Аббат Биротто приложил палец к губам. Умирающая, ослабев, опустила голову; она сделала рукою знак, прося впустить священника, детей и слуг; затем повелительным жестом указала мне на подавленного горем графа и вошедших детей. Взглянув на старика, безумие которого было известно только нам с Анриеттой и ставшего теперь опекуном столь хрупких созданий, она обратила ко мне свой взор с молчаливой мольбой, которая зажгла в моем сердце священный огонь. Прежде чем принять святое причастие, она попросила прощения у своих домочадцев за то, что порой бывала с ними слишком строга, завещала им молиться за нее и поручила каждого в отдельности попечениям графа; она благородно призналась, что в последний месяц с ее уст срывались жалобы, недостойные христианки, которые могли смутить ее слуг; она иногда отталкивала детей и выказывала нехорошие чувства; но она объяснила свою непокорность воле божией невыносимыми страданиями, выпавшими ей на долю. Затем она при всех с трогательной сердечностью поблагодарила аббата Биротто, который открыл ей всю тщету земной жизни. Когда она умолкла, начались молитвы; затем священник из Саше причастил ее. Несколько минут спустя дыхание ее затруднилось, глаза заволоклись туманом, но вскоре вновь прояснились; она бросила на меня последний взгляд и умерла, окруженная близкими, слыша, быть может, скорбный хор наших рыданий. Тут неожиданно мы услышали пение двух соловьев, что, впрочем, не удивительно в деревне; их голоса словно отвечали друг другу, и много раз повторенная, ясная и звонкая трель звучала, как нежный призыв. В ту минуту, когда последний вздох слетел с ее уст и затихло последнее страдание этой жизни, которая была одним долгим страданием, сильный удар потряс меня с головы до ног. Мы с графом провели всю ночь возле ее смертного ложа вместе с двумя аббатами и сельским священником, бодрствуя при свете свечей; теперь она лежала, спокойная, на той постели, где так много страдала.
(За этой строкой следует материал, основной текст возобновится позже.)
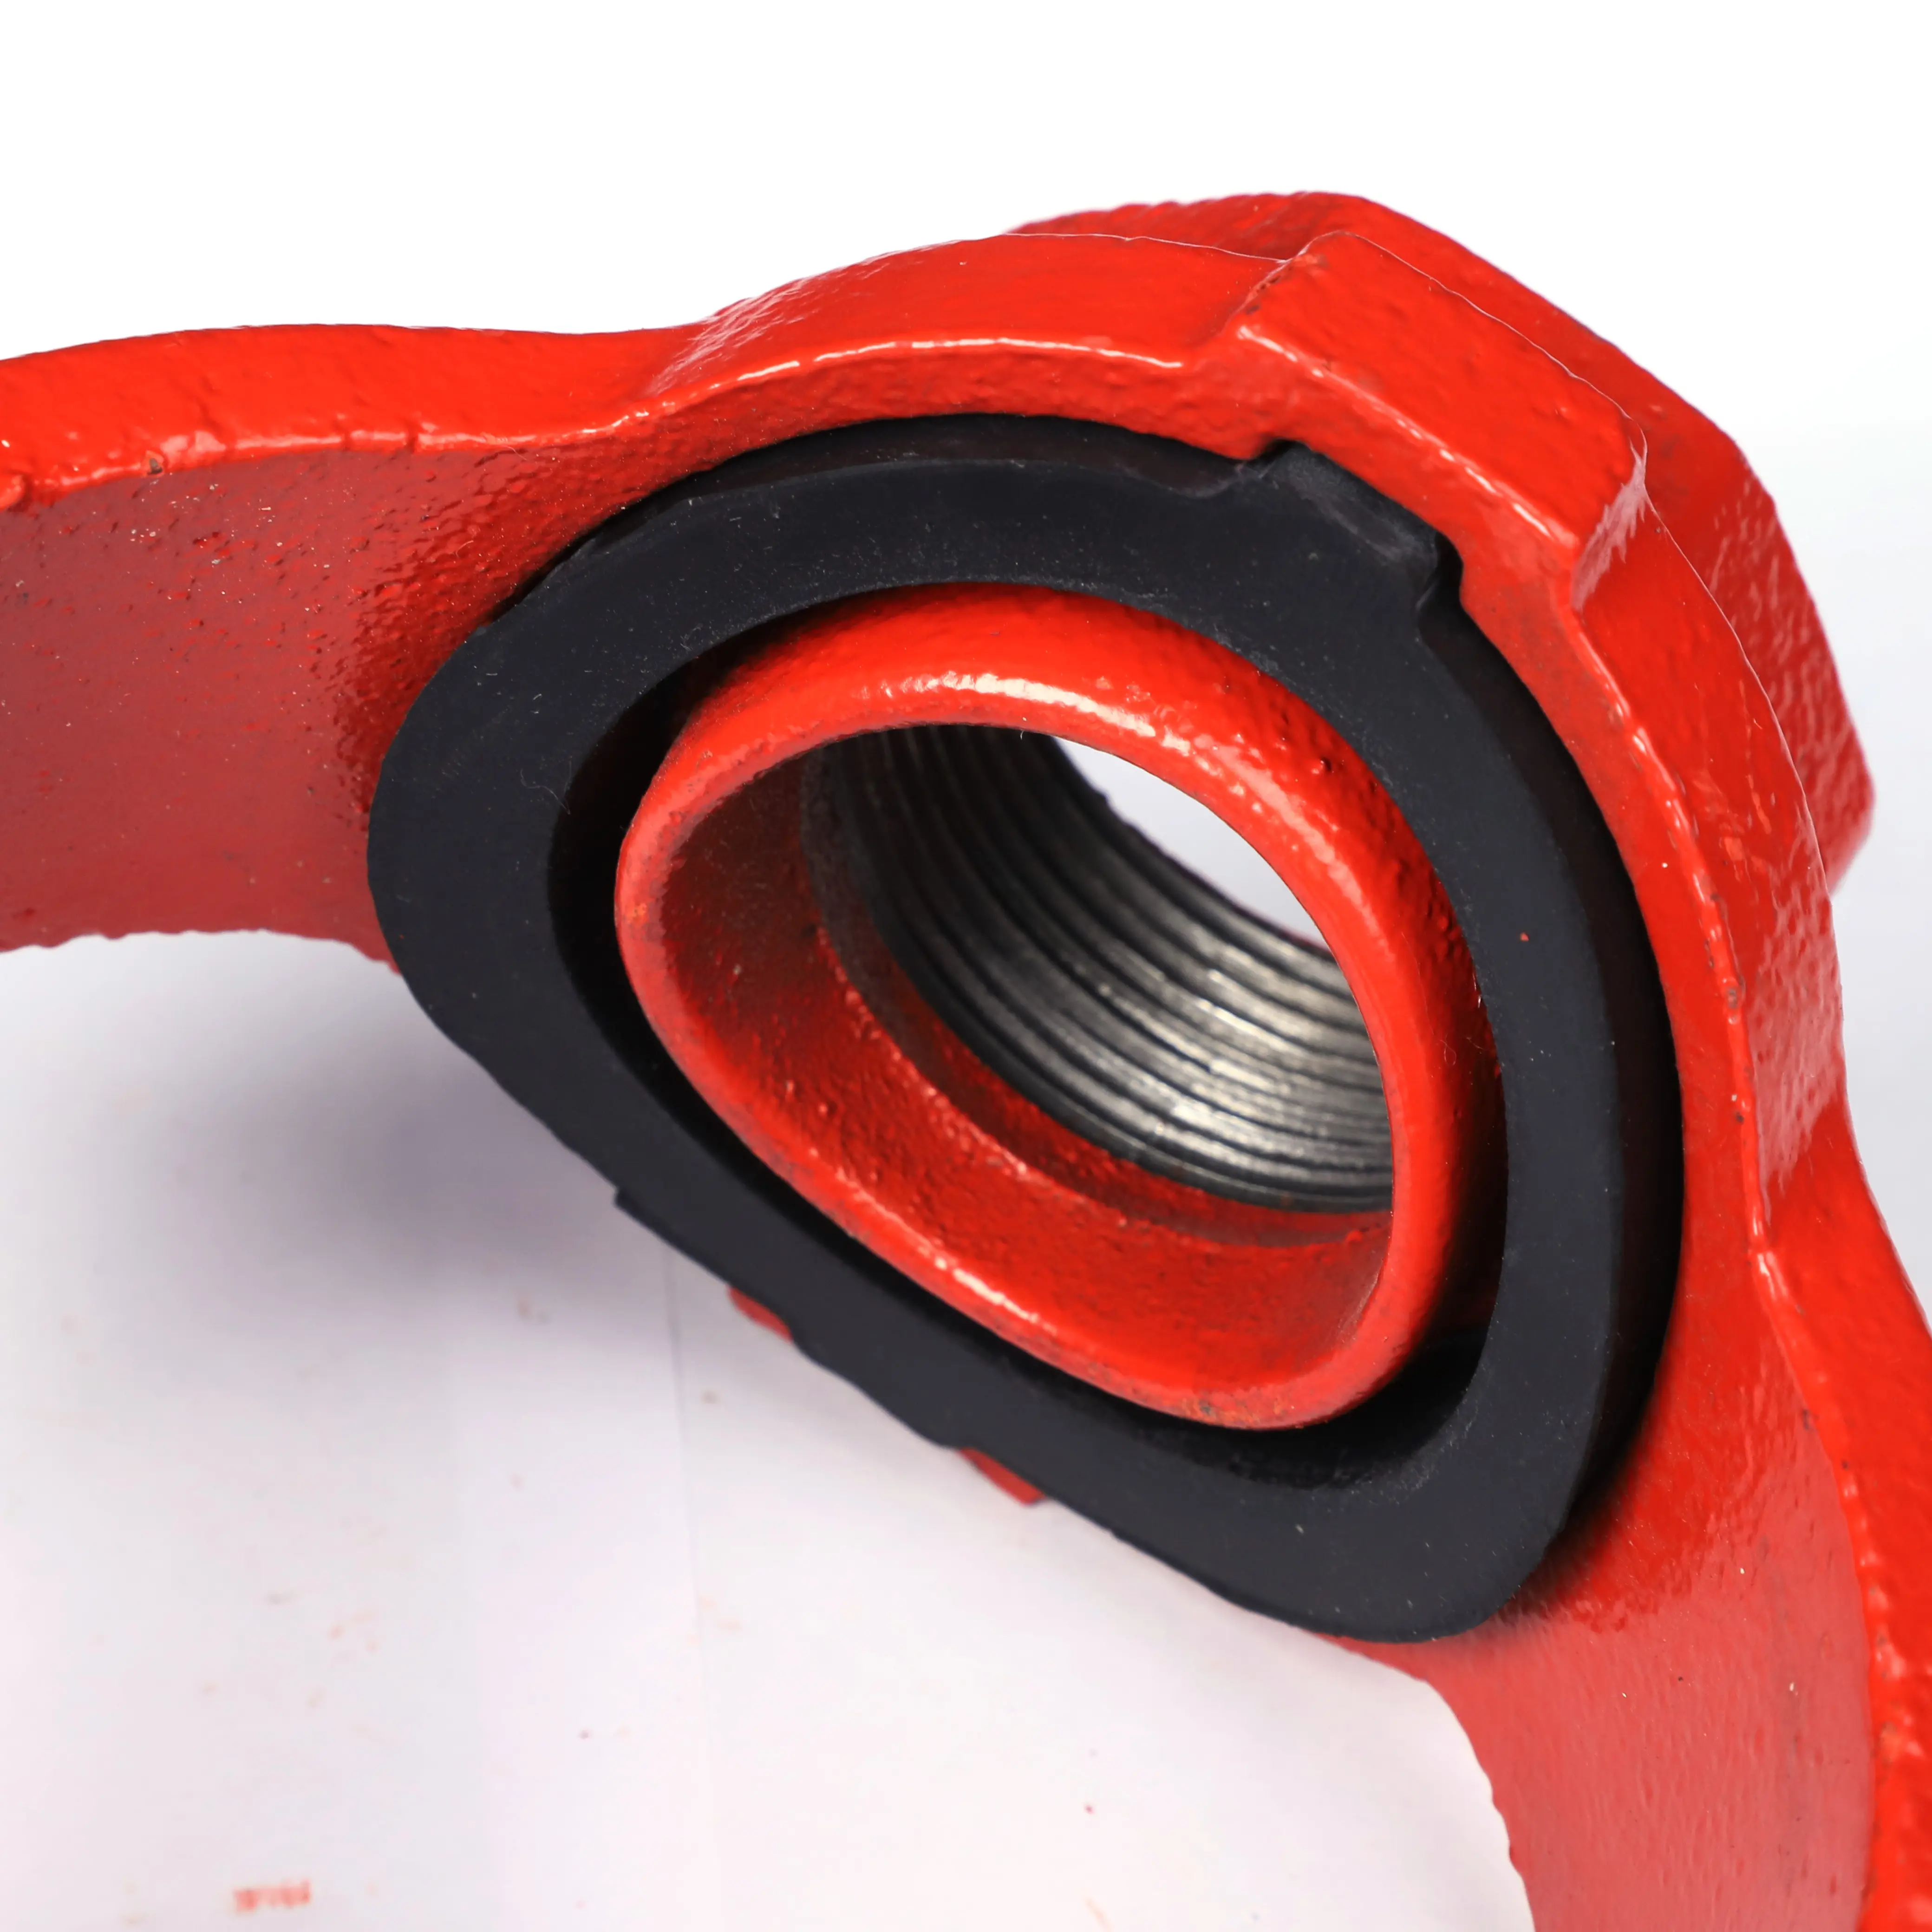 Elbow Ductile Iron Pipe Fittings Grooved Flange Reducing Coupling Ductile Iron Pipe Fittings

Это была моя первая встреча со смертью. Всю ночь я не отрывал глаз от Анриетты, зачарованный выражением чистоты и умиротворенности, какое дает нам избавление от всех житейских бурь, любуясь белизной этого лица, на котором я еще читал игру всех ее чувств, но которое уже не отвечало на мою любовь. Какое величие в этом холодном молчании! Сколько значения было в нем! Как прекрасен этот глубокий покой! Сколько силы в этой неподвижности! Она еще говорит о прошлом и приоткрывает завесу будущего. Да, я любил ее мертвую так же сильно, как и живую! Под утро, в ранний час, столь тягостный для тех, кто бодрствует, граф пошел отдохнуть, а три священника заснули от усталости. И тогда я без свидетелей поцеловал ее в лоб со всей любовью, какую она никогда не позволяла мне высказать ей.